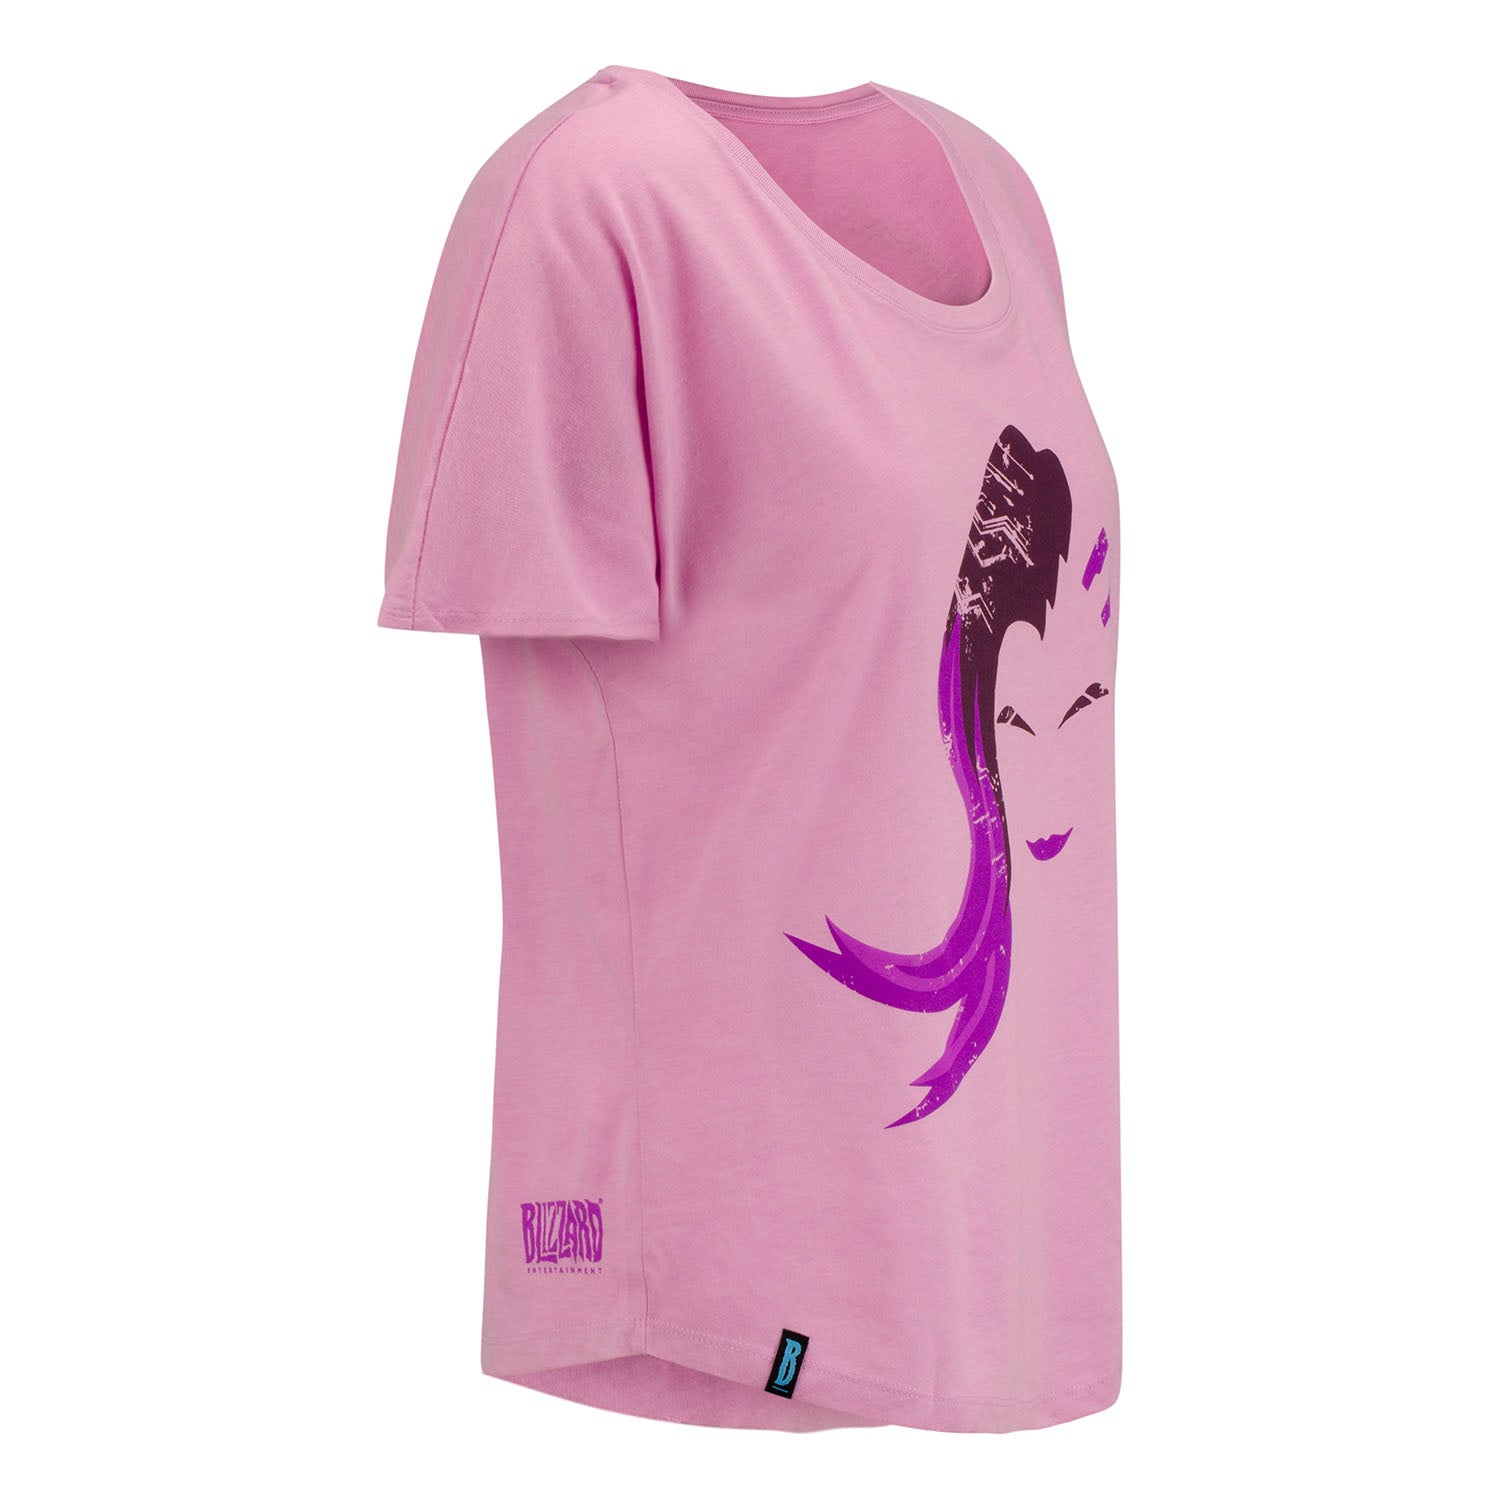 Overwatch Sombra Women's Pink Scoop Neck T-Shirt - Right View
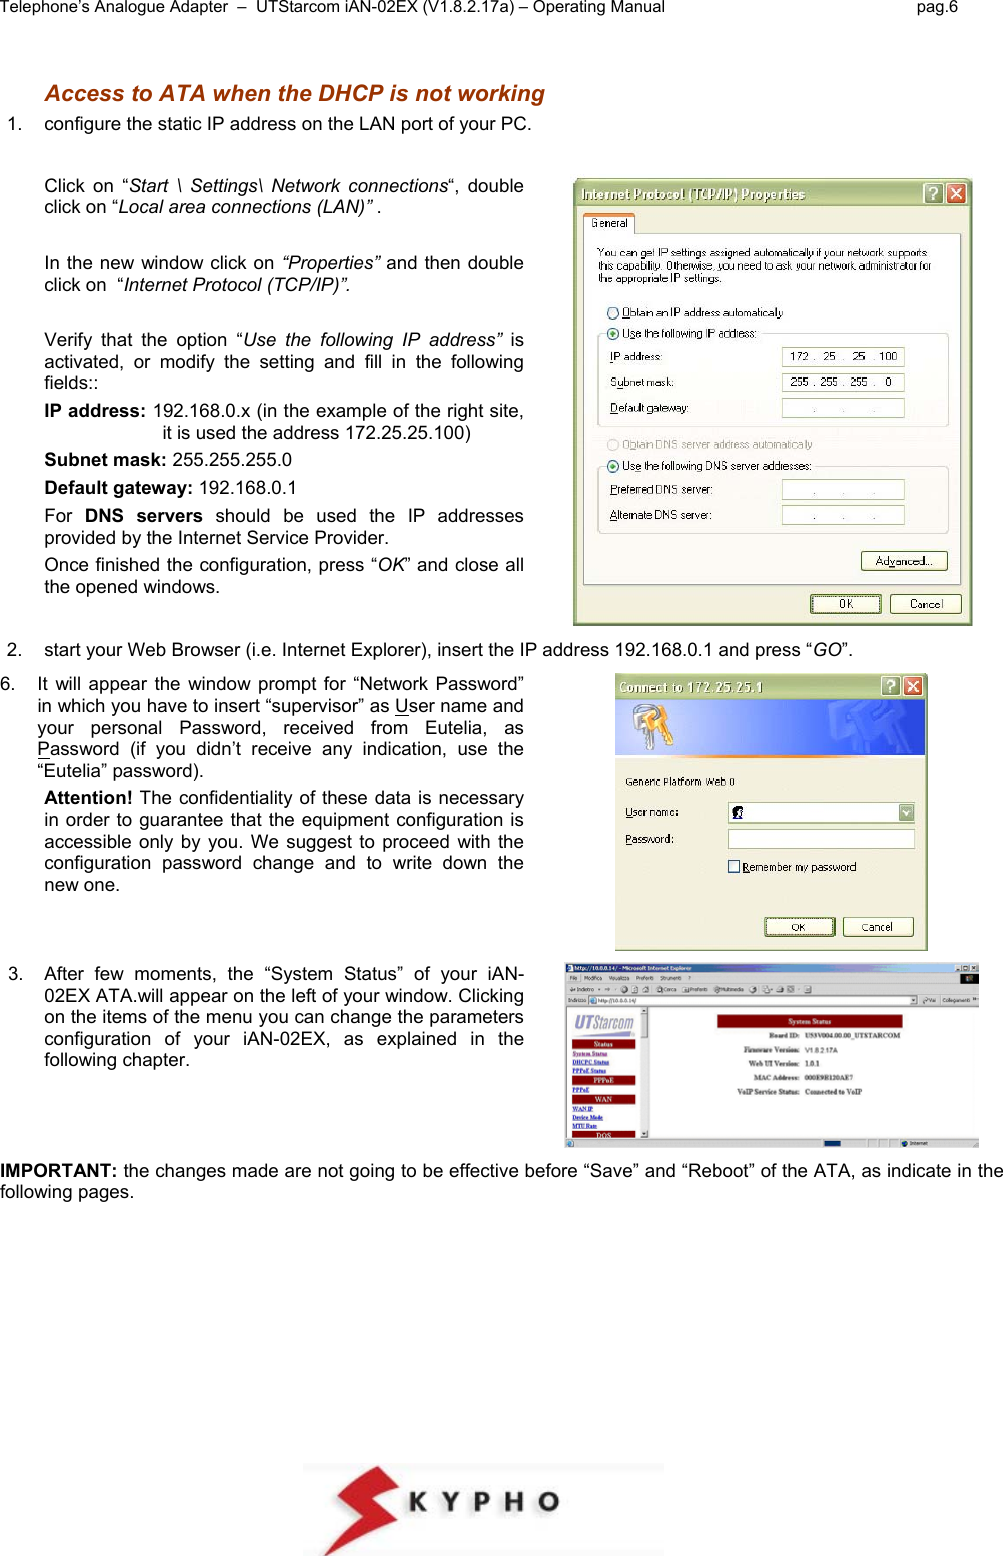 Utstarcom Ian 02Ex Users Manual Vip3002 Rev.2
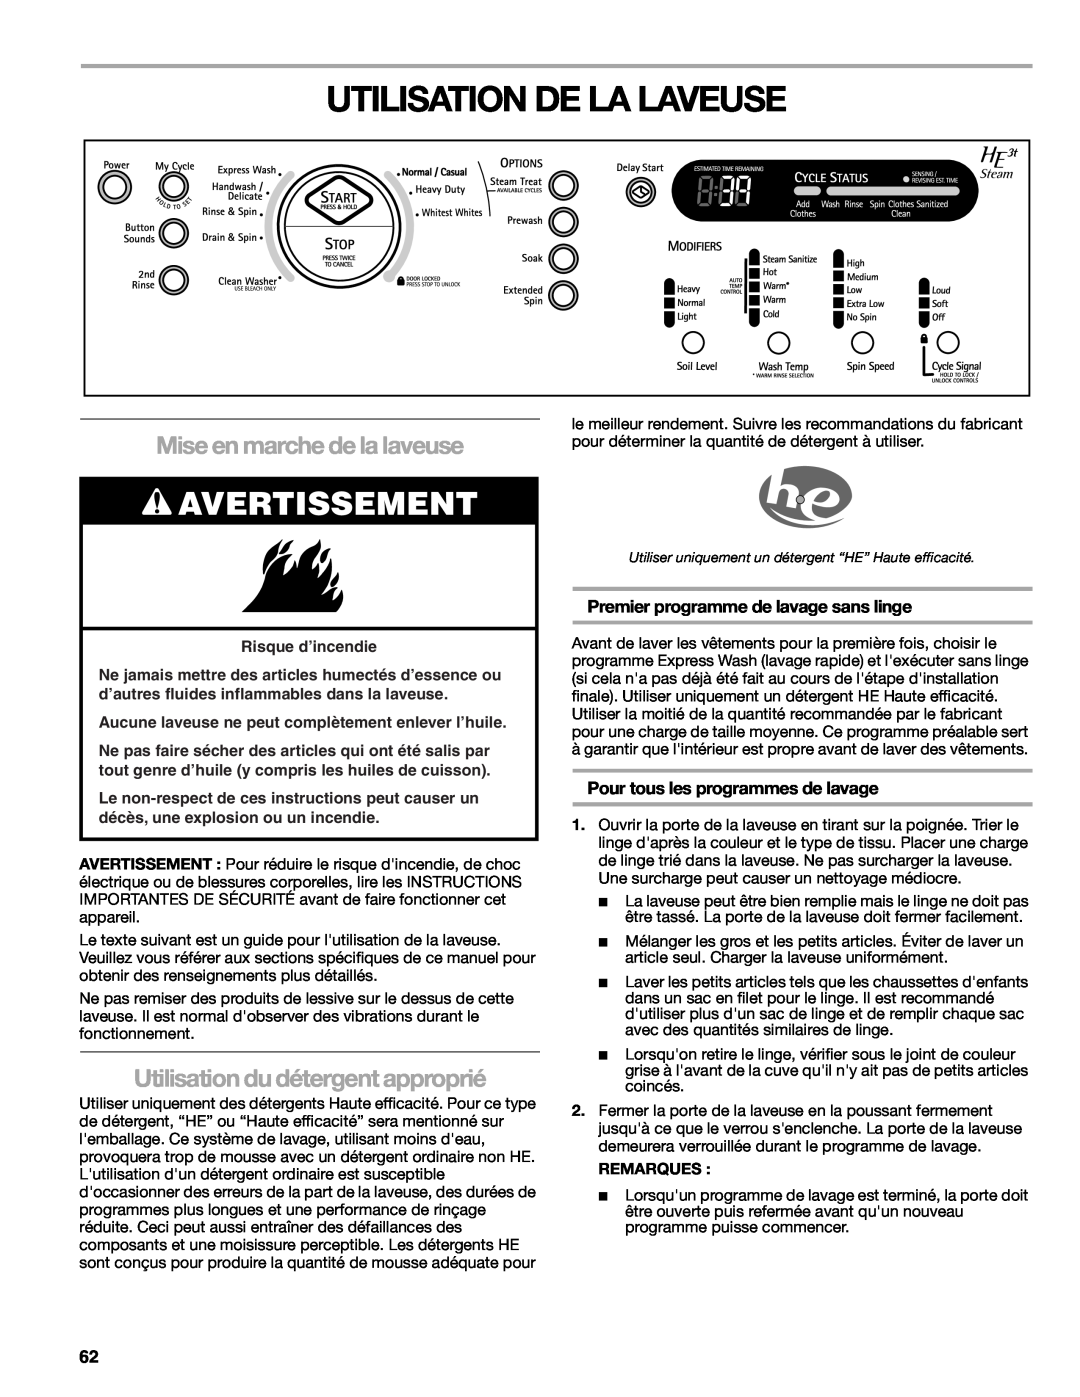 Kenmore W10133487A manual Utilisation De La Laveuse, Mise en marche de la laveuse, Utilisation du détergent approprié

- [Task to complete]:
The lines from the one that contains "Utstarcom Ian 02Ex" through the end of the data, repeated exactly and with no pictures, make up the whole answer.

- [Solution]:
 Utstarcom Ian 02Ex Users Manual Vip3002 Rev.2
 Kenmore W10133487A manual Utilisation De La Laveuse, Mise en marche de la laveuse, Utilisation du détergent approprié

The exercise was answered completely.